Adams’ reaction went much further.

“If you’re going to ask a question, don’t point at me and don’t be disrespectful to me. I’m the mayor of this city, and treat me with the respect I deserve to be treated,” Adams said. “I’m speaking to you as an adult, don’t stand in front like you treating someone that’s on the plantation that you own. Give me the respect I deserve and engage in the conversation.”

City Hall defended the mayor’s comments, which were criticized by a number of observers for going overboard. Dubnau was born in Belgium after her family fled Nazi-led Germany in the 1930s. She moved to New York City when she was 8.

Were the subject of the mayor's rant not of a family which fled the Third Reich, Adams nonetheless would deserve criticism. Now that Dubnau's family background has been revealed, it should be a layup for local politicians and other community leaders to condemn the mayor.

It would be too easy and probably inaccurate to dub Eric Adams as a "racist." That label is much overused and abused, and there is no indication that the mayor believes whites or refugees from a genocidal regime are inherently inferior. However, it is obvious that "don't stand in front like you treating someone that's on the plantation that you own" is a racially biased charge and product of a bigot.

A week before Adams' hostile and megalomaniacal outburst, he stated at a press conference 

There's a body of people who were pleased with 30 years without having a mayor that looked like me. I upset a lot of people with my appointments, with my initiatives, with my challenges- and just who I am. We can't pretend as though, to some in the city, I don't fit the mold of what a mayor should be.

Quite the contrary. If nearly any other public official had with no legitimate reason made an equally repugnant statement, he or she would have faced a torrent of criticism and probably been forced to resign.
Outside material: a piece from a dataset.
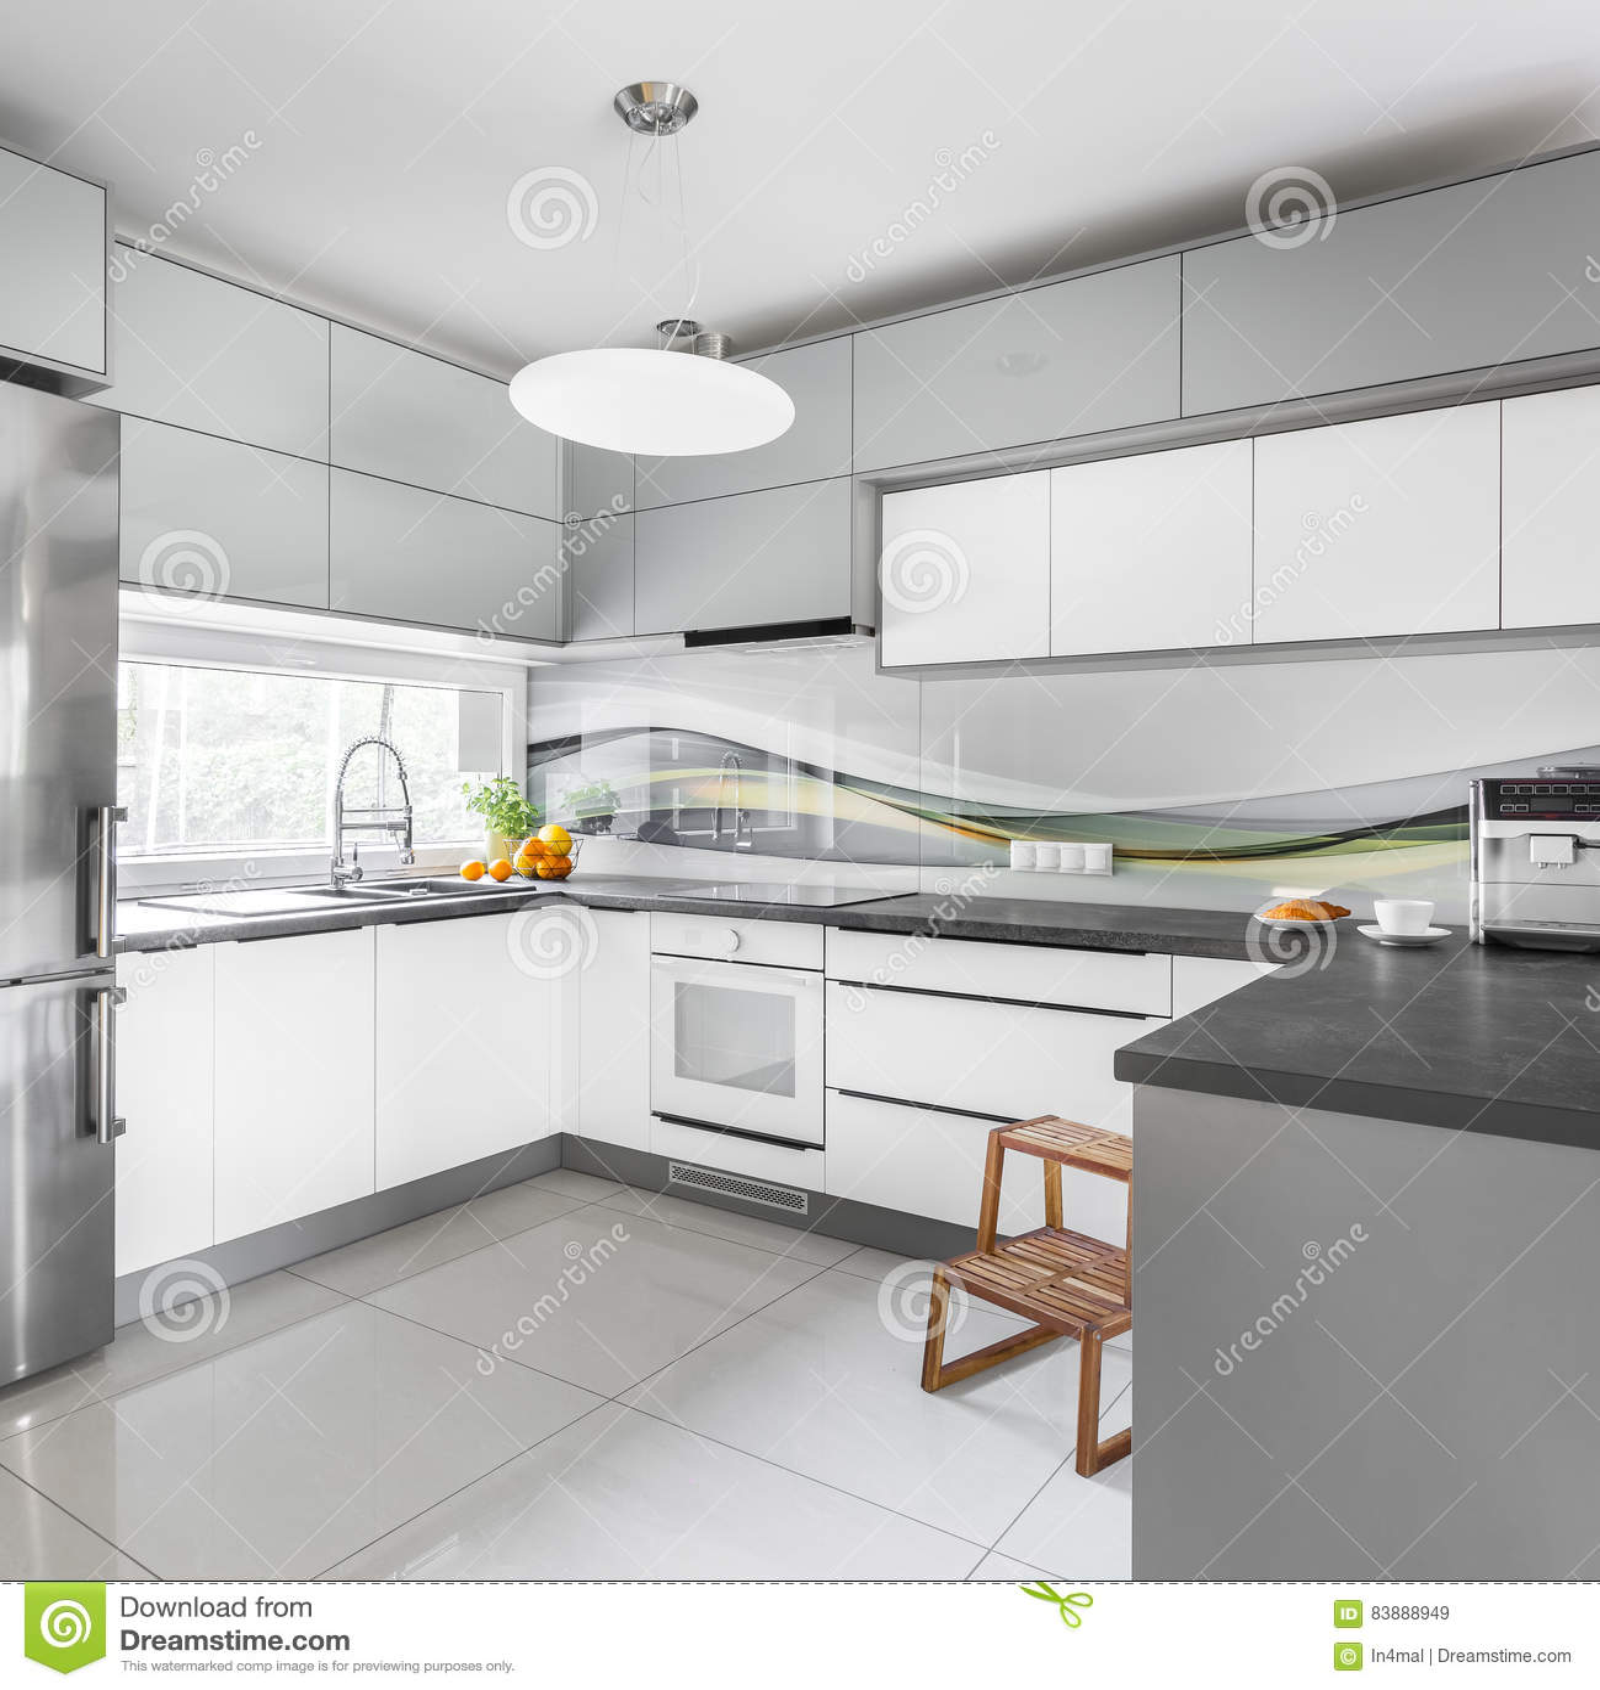 https://thumbs.dreamstime.com/z/cucina-grigia-e-bianca-83888949.jpg

Choosing to bend over backwards, I'll speculate that the response to Adams' comments has been extraordinarily tepid because he is an intimidating figure. That's bad enough but it's likely that race plays a critical part in the extraordinarily tepid response to Adams' comments. We'll never know because aside from Donald Trump, no one makes statements on a par with accusing someone of behaving like a white slaveholder to a black man. If this is condoned, the Big Apple would be better known as the Rotten Apple.